- **Material for the task**:
☆ ☆ ☆ ☆

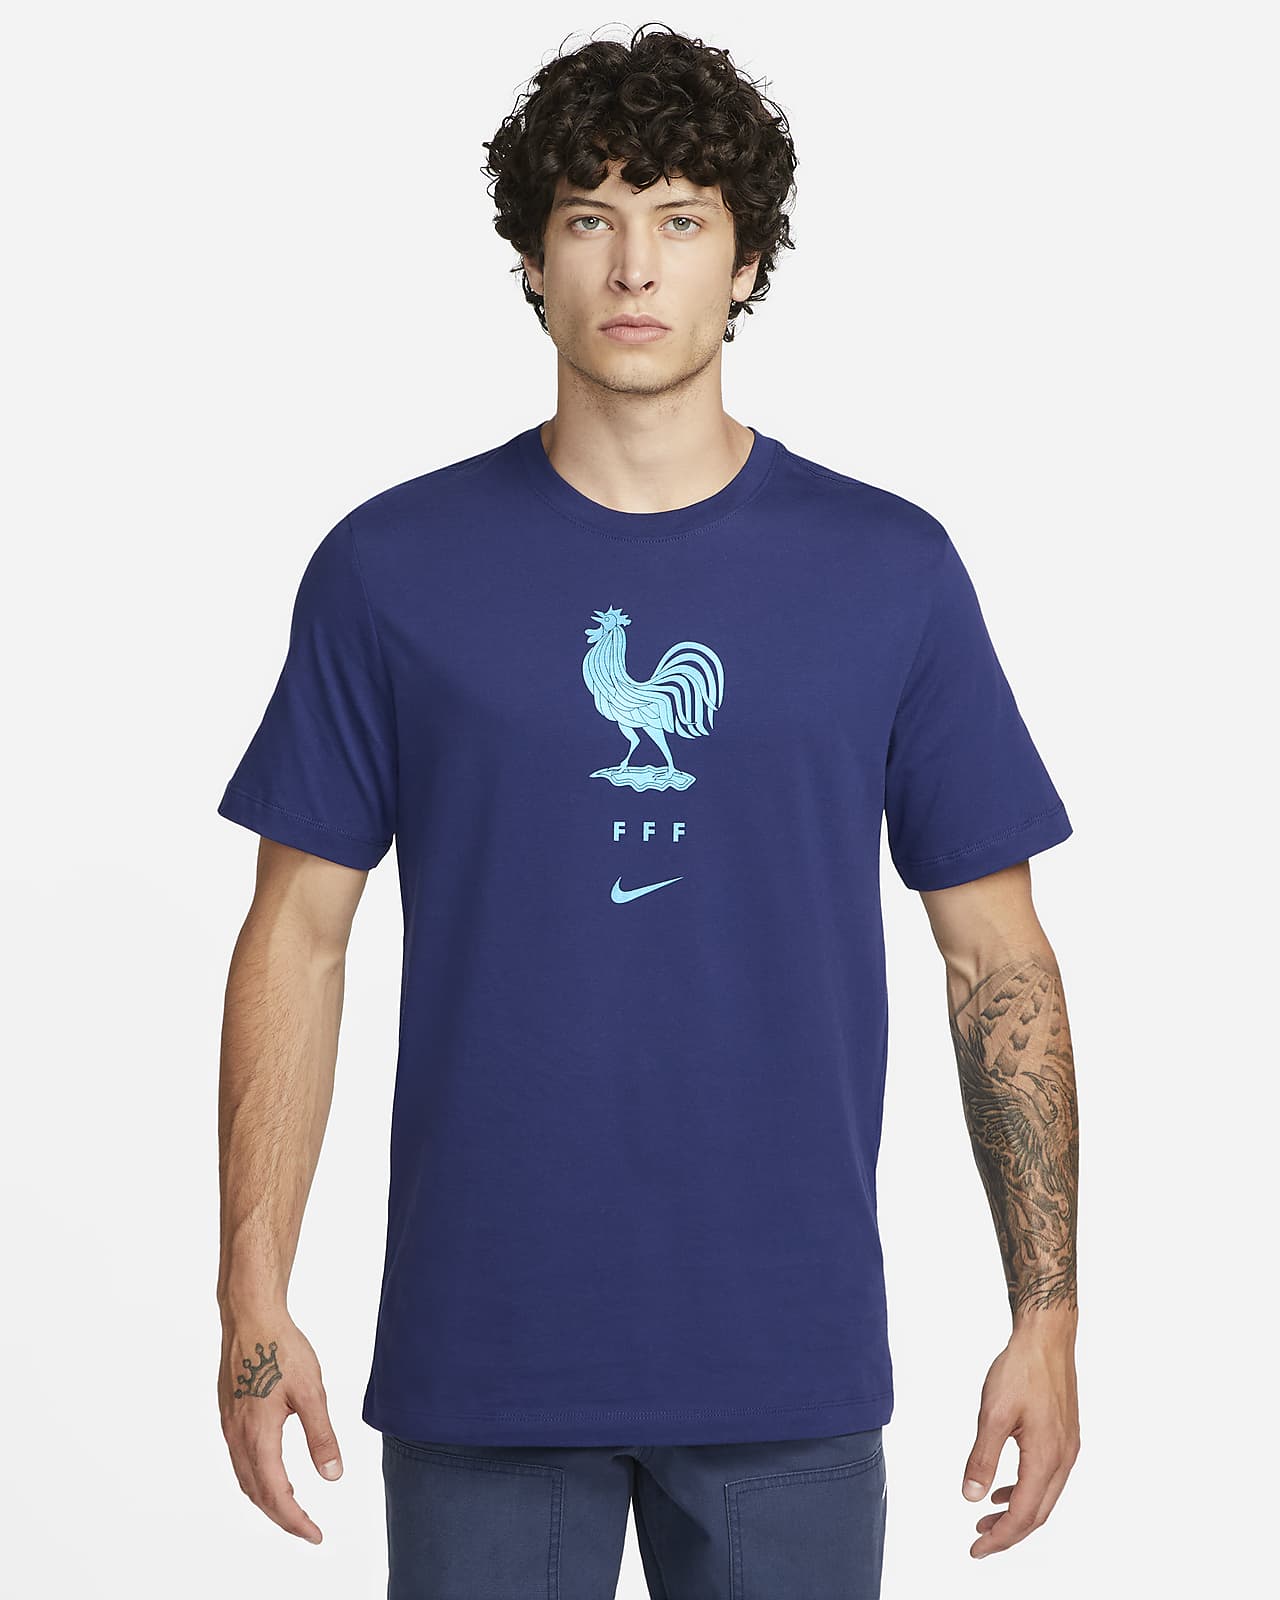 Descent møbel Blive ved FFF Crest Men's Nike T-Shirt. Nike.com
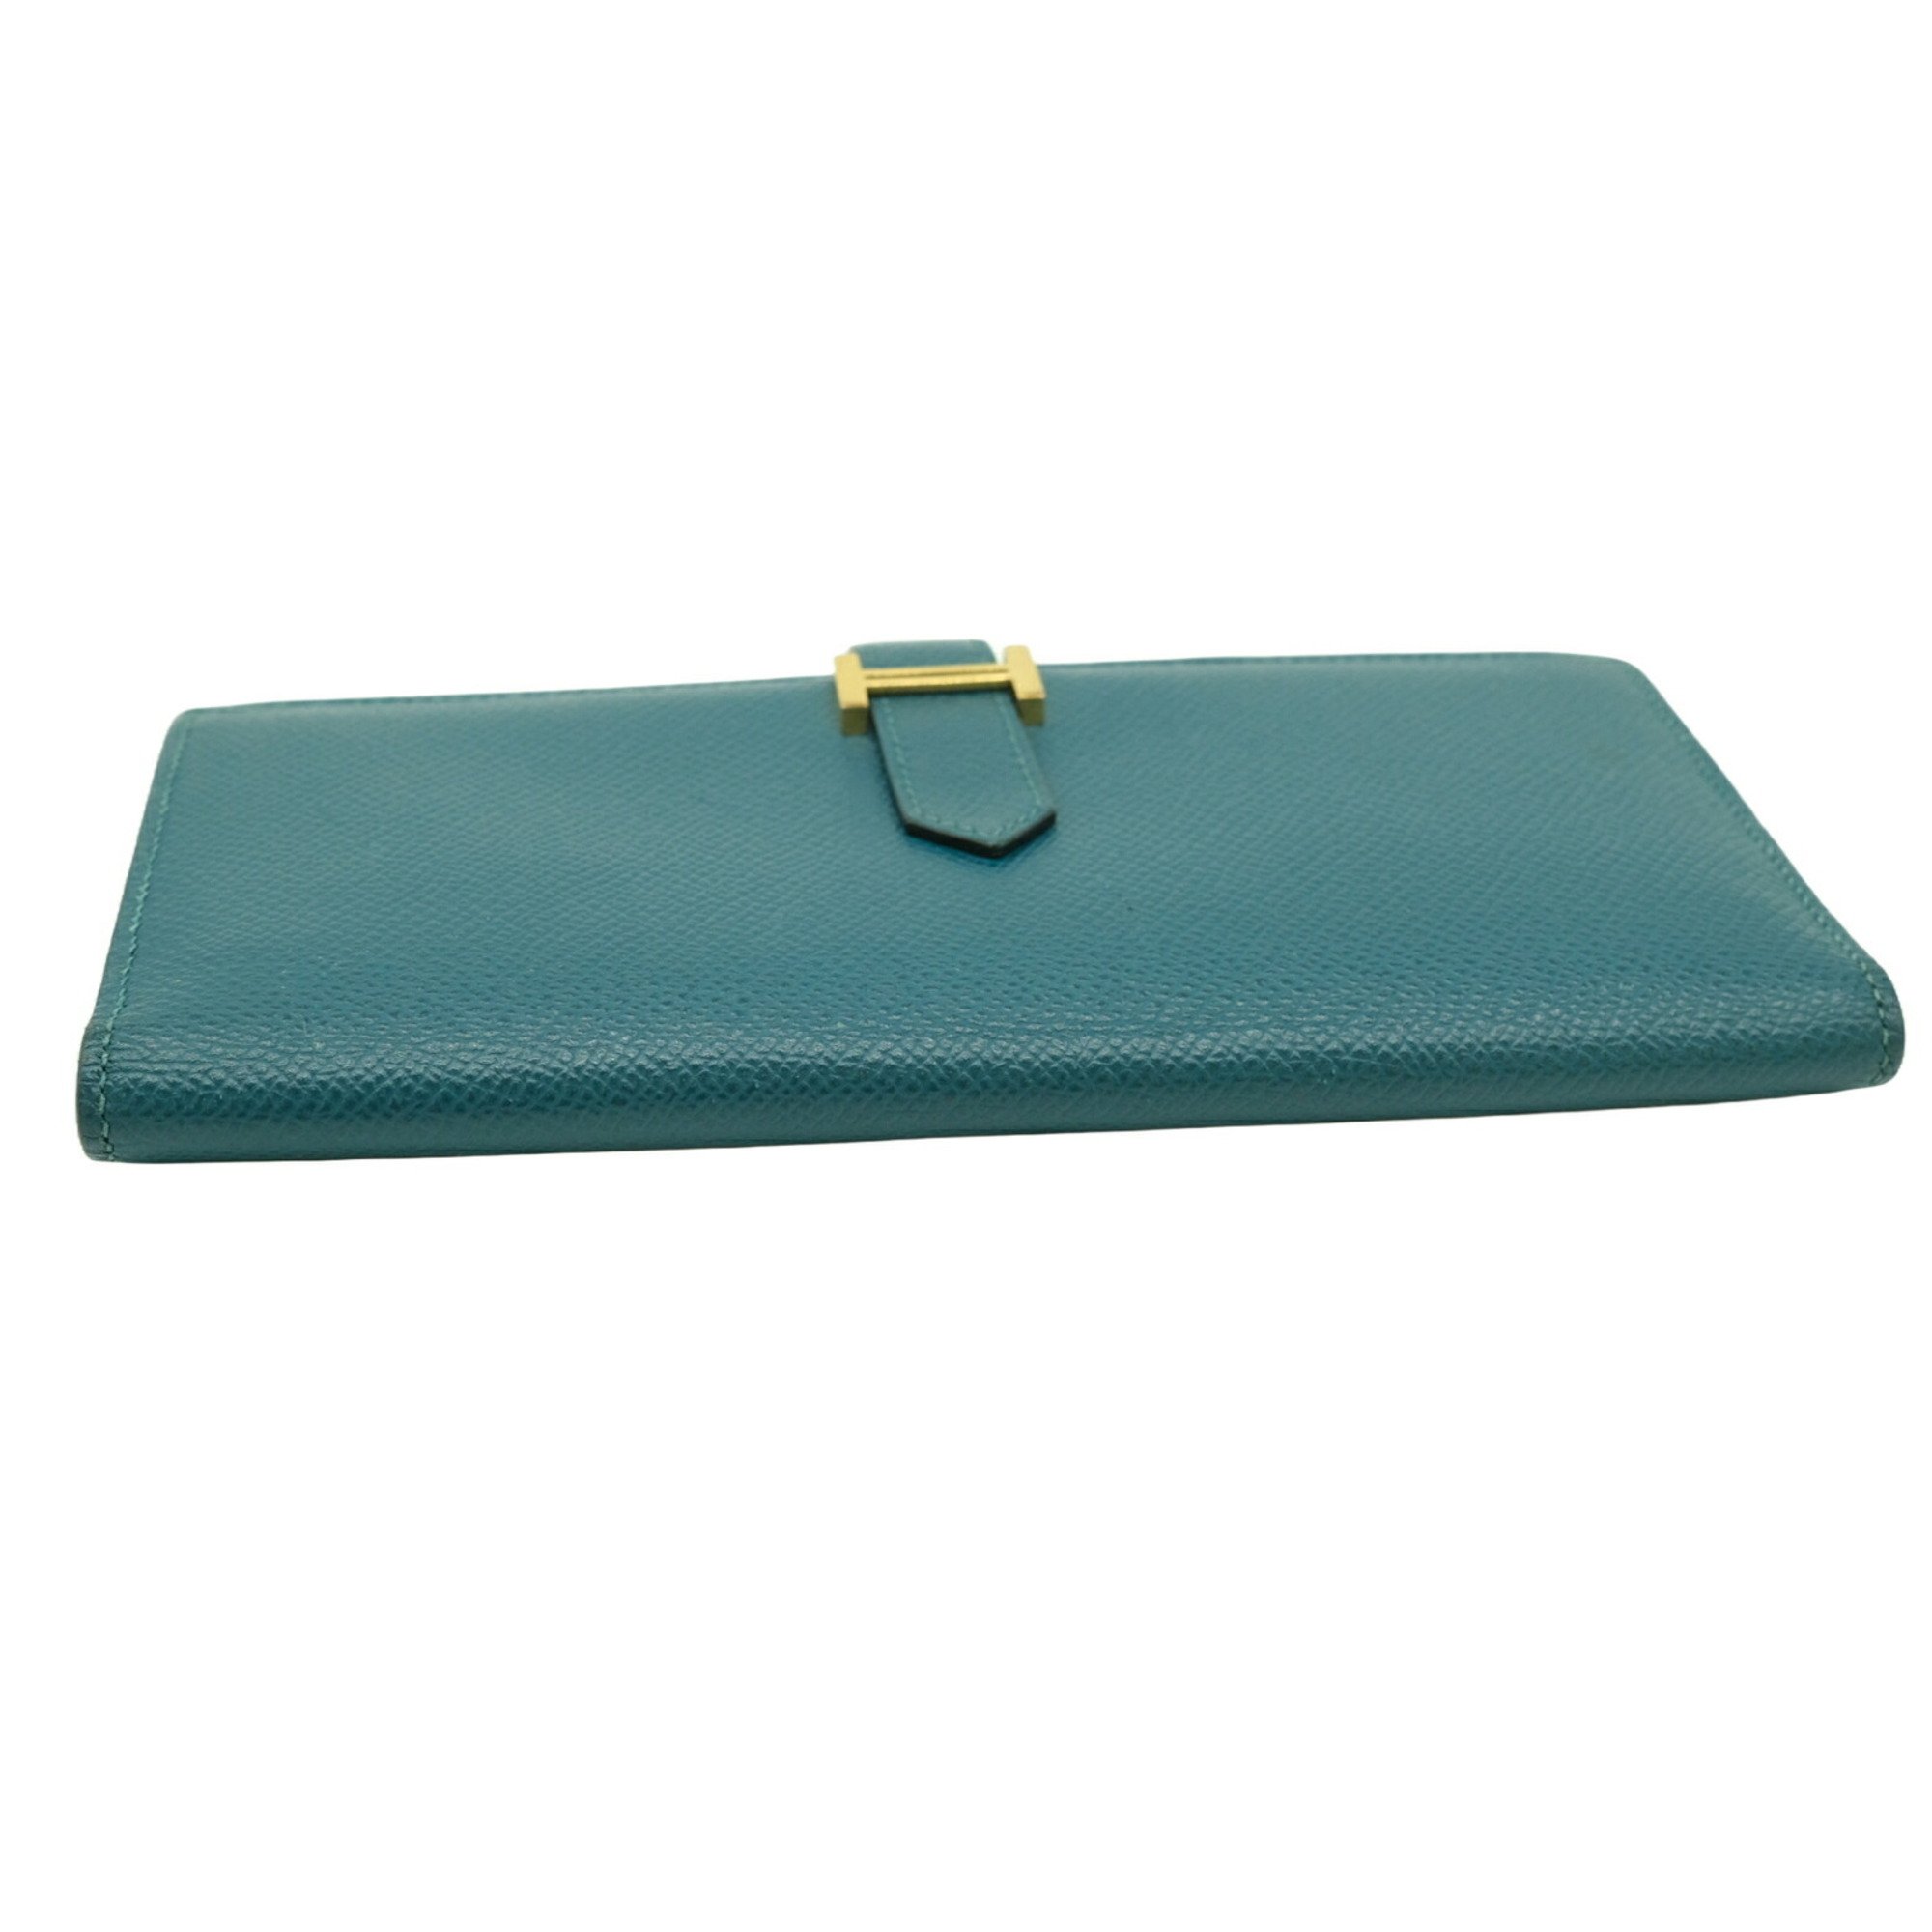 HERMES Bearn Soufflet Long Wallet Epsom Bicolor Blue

☆ ☆ ☆ ☆

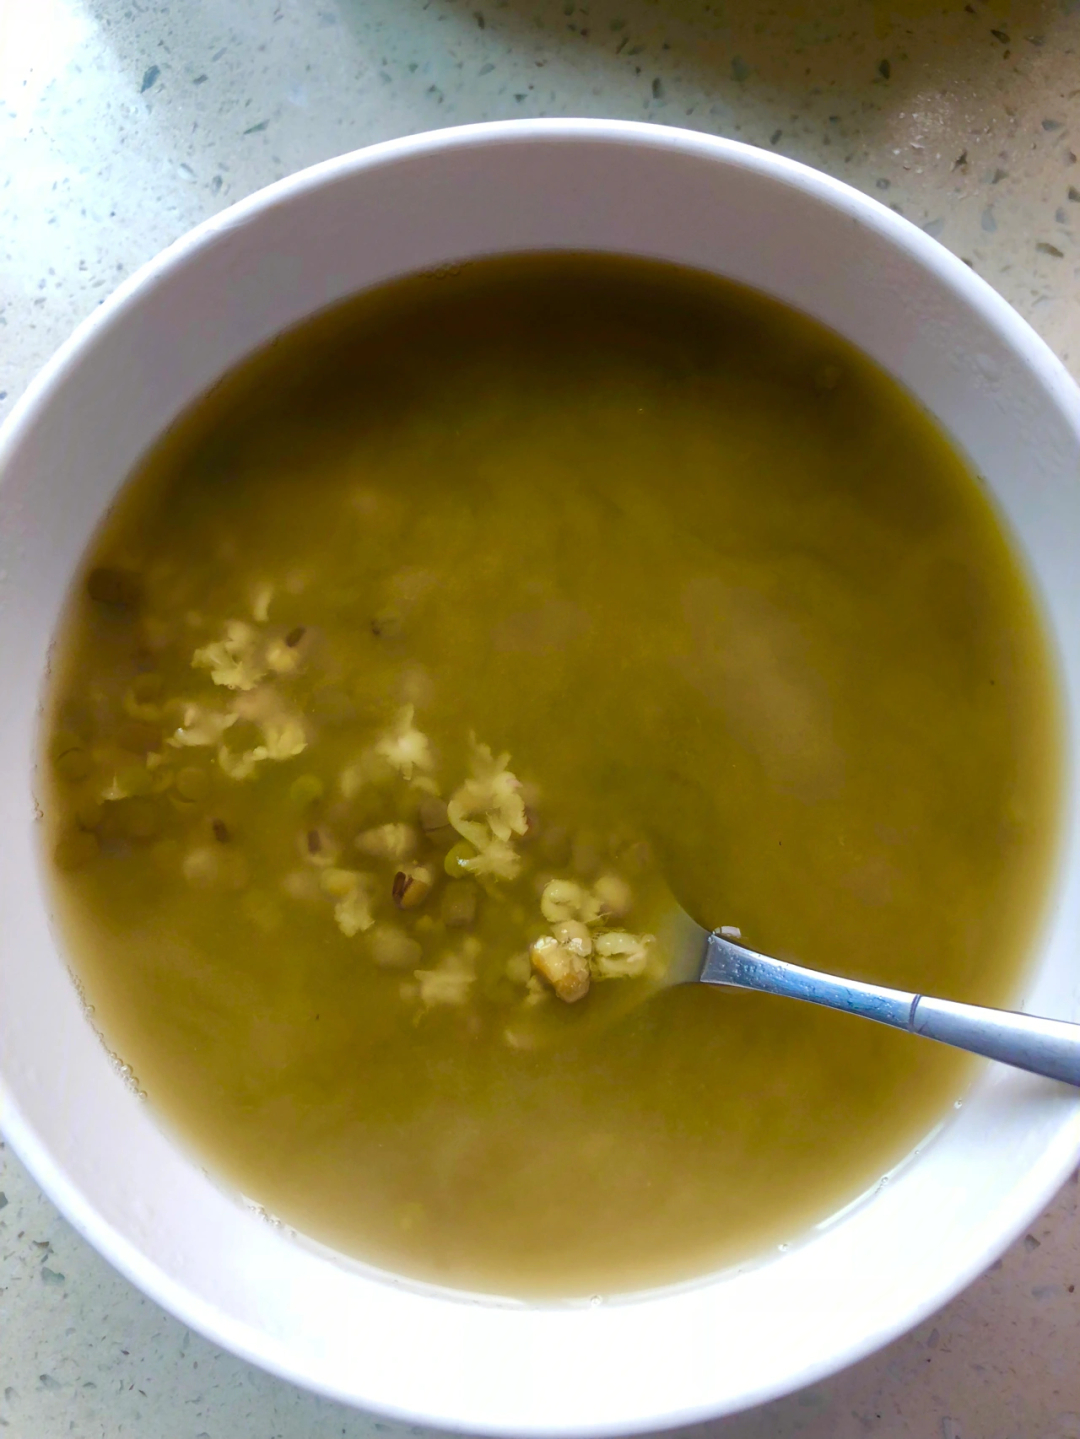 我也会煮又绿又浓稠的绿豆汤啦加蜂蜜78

☆ ☆ ☆ ☆

- **What you have to do**: Having found the line with "Descent møbel Blive" and the line with "HERMES Bearn Soufflet" in the material above, write out exactly those two and every line between, leaving the pictures out.

- **Expected answer**:
 Descent møbel Blive ved FFF Crest Men's Nike T-Shirt. Nike.com
 HERMES Bearn Soufflet Long Wallet Epsom Bicolor Blue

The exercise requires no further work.